While other microcontroller datasheets specify fairly strict requirements on duty cycle, the 6502 datasheet only specifies that φ0 high and low times both need to be at least 240ns (2MHz binned parts). A nonuniform division should have been ok as long as it complied with that part; for the PAL CPU they probably could have divided it into 6.5 (240ns×26.6MHz=6.4) and 8.5 safely but no further. To answer the other half: yes, so you'd need a design that reacted to both rising and falling edges from the master clock. Possible, but bigger, and probably easier to use a binary counter. —Lidnariq 13:25, 4 September 2012 (MDT)

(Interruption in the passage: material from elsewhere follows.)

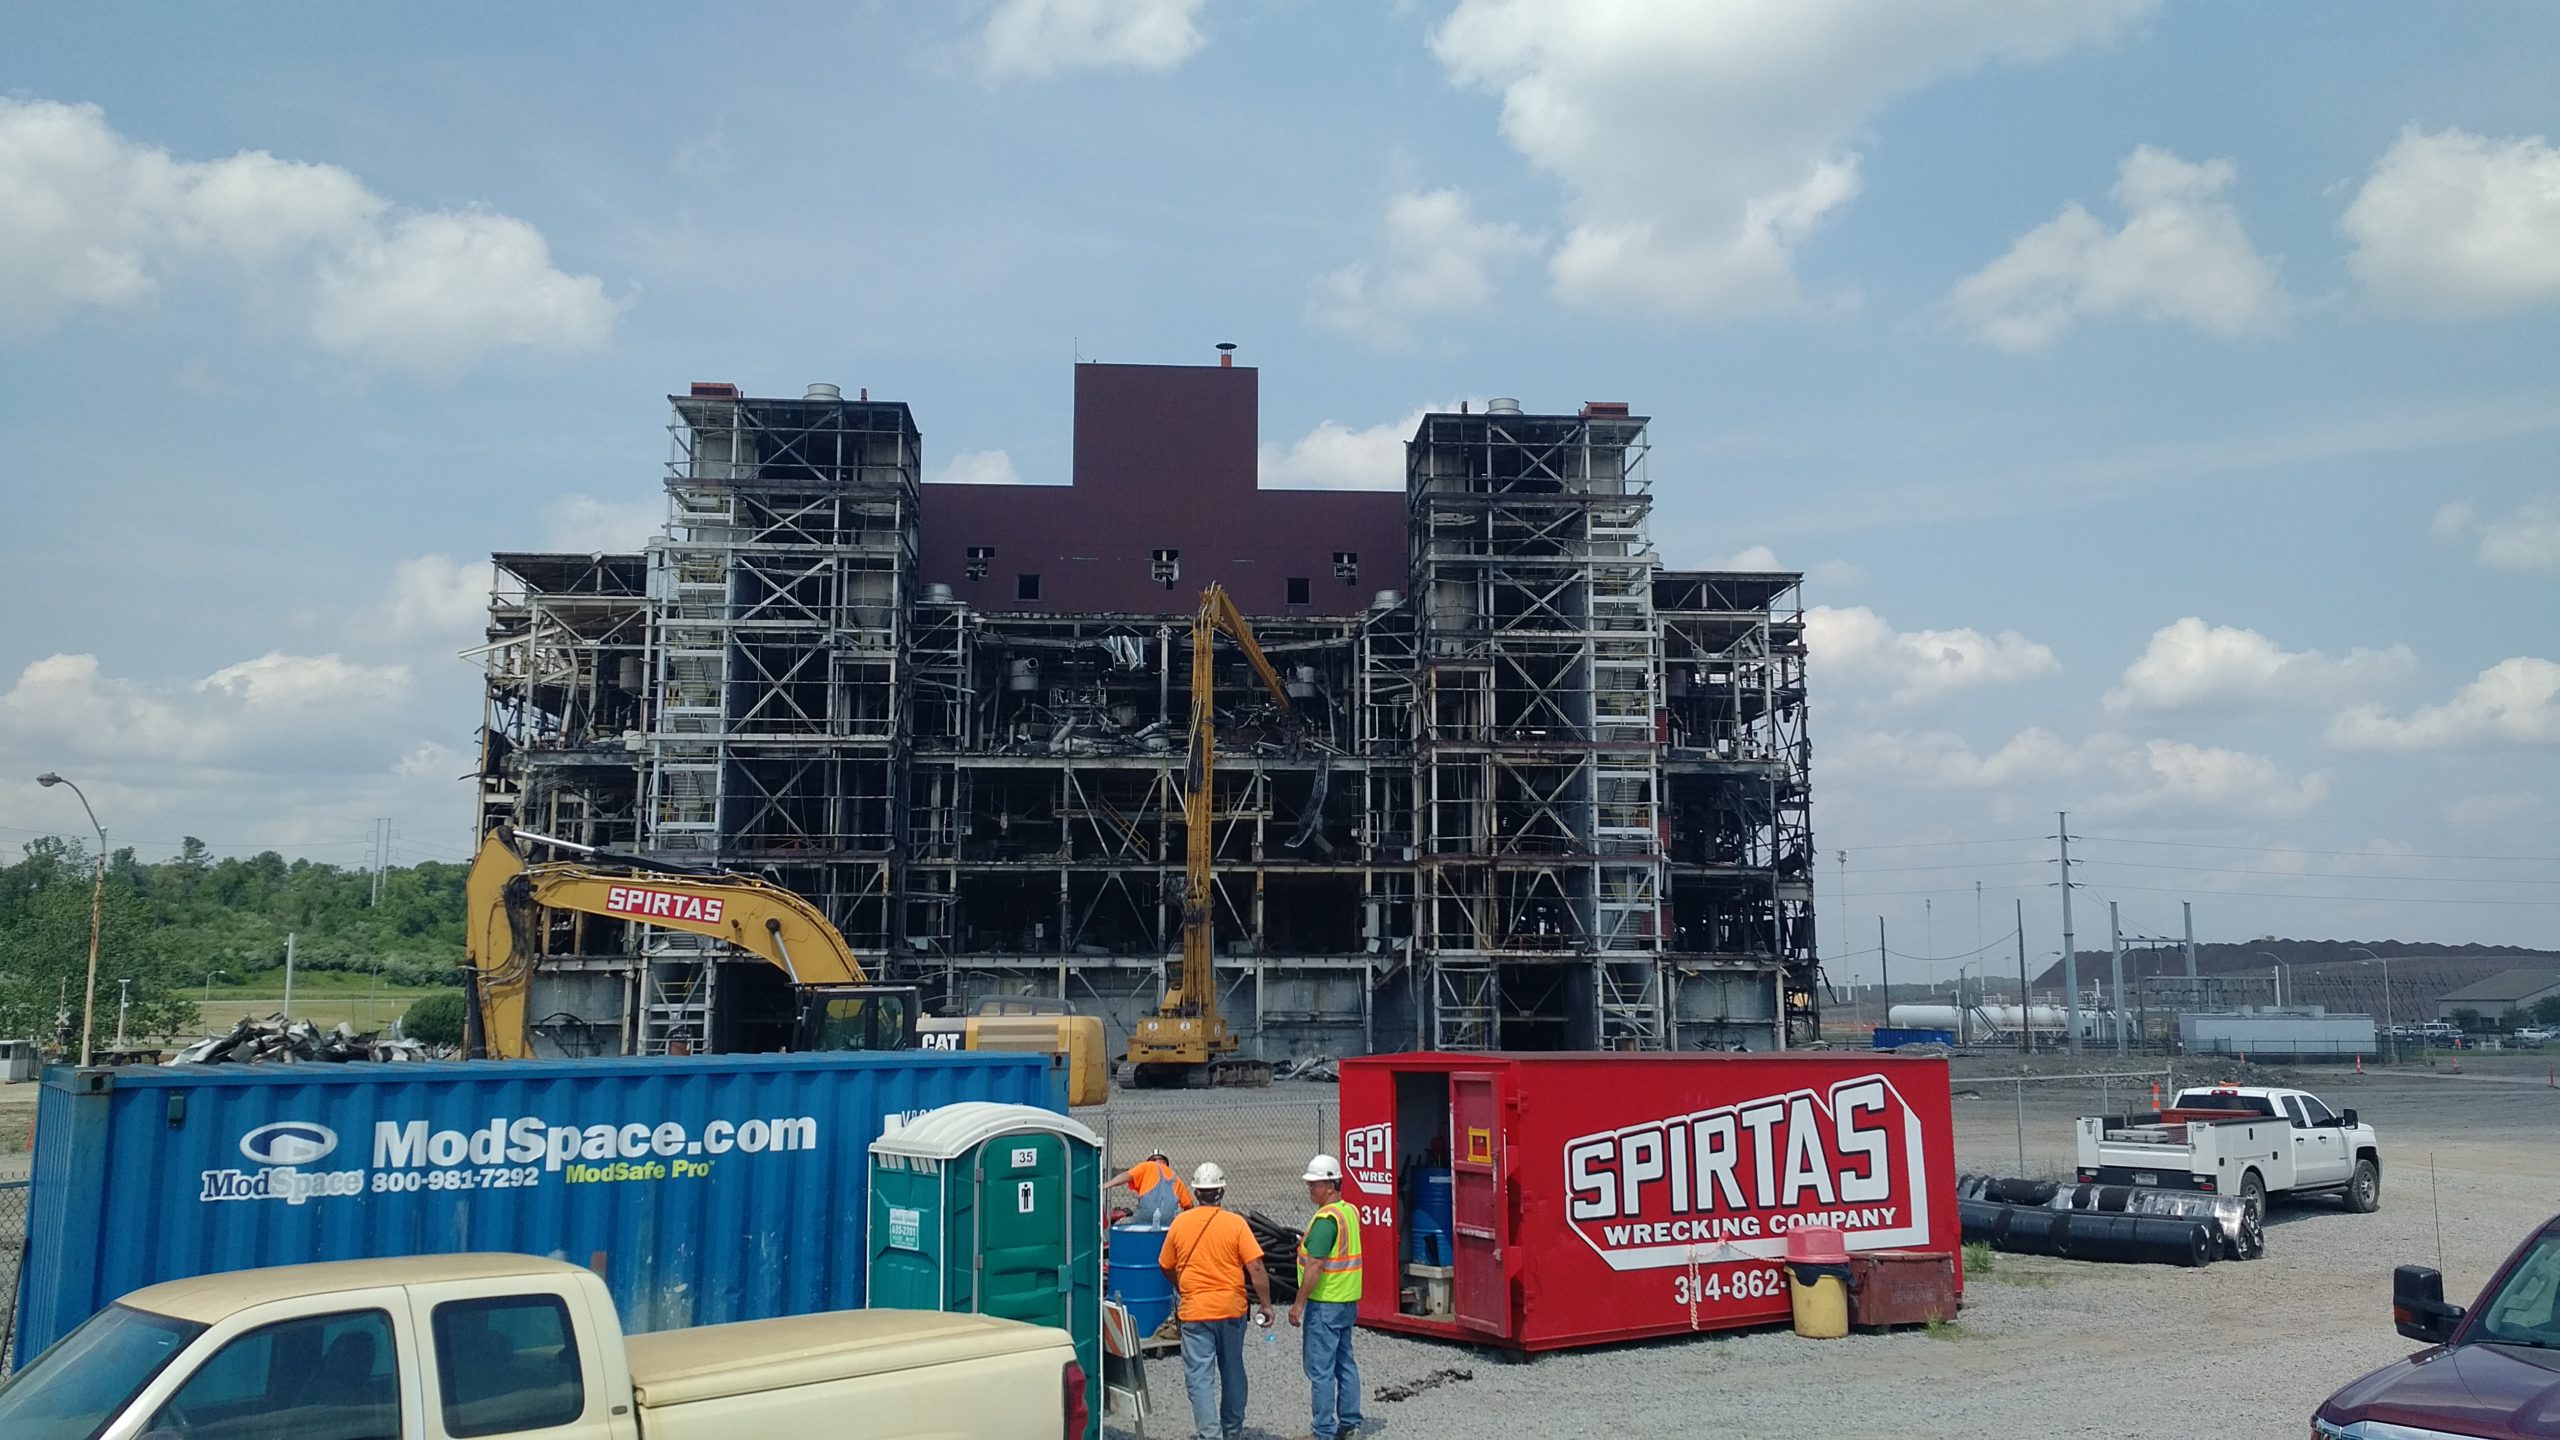 Spirtas wrecking Midwest building demolishing company
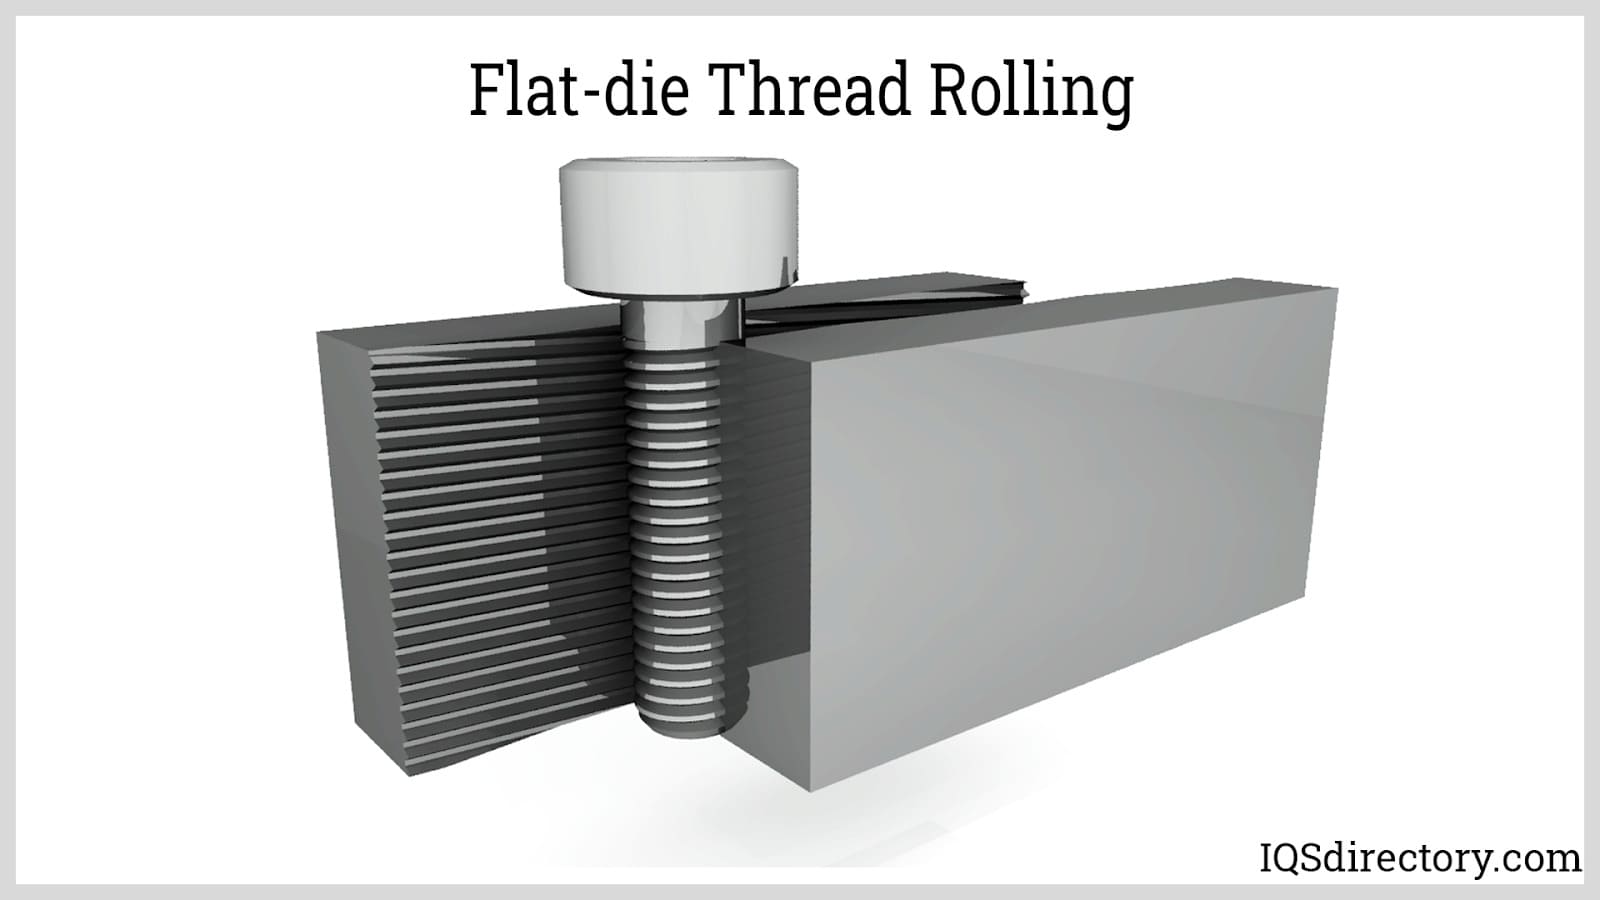 Flat-die Thread Rolling

I slightly misspoke: In the 2A0x, two Johnson counters are used, each clocked on opposite edges, and a NOR gate (output is node 11200) combines the two phases. —Lidnariq 16:47, 17 January 2013 (MST)

Kev tells me the "In the 2A03" link is broken. Did you mean this? Perhaps die shots from a Dendy CPU might help. --Tepples 15:50, 17 January 2013 (MST)

Looks like Q replaced the traditional view with the expert one. Fixed my link. Dollars to doughnuts that the Dendy implements its ÷15 with an arithmetic up-counter and a 4-input AND gate. —Lidnariq 16:47, 17 January 2013 (MST)

NTSC frequency

Where did 1.78977267 MHz come from? Why is it not 1.78977273? It's only 30ppb error, insignificant by NTSC's 3ppm requirement, but it's odd. —Lidnariq (talk) 16:56, 14 November 2014 (MST)

Probably the master clock (21.477272 MHz), rounded to the nearest Hz, then divided by 12. --Tepples (talk) 17:16, 14 November 2014 (MST)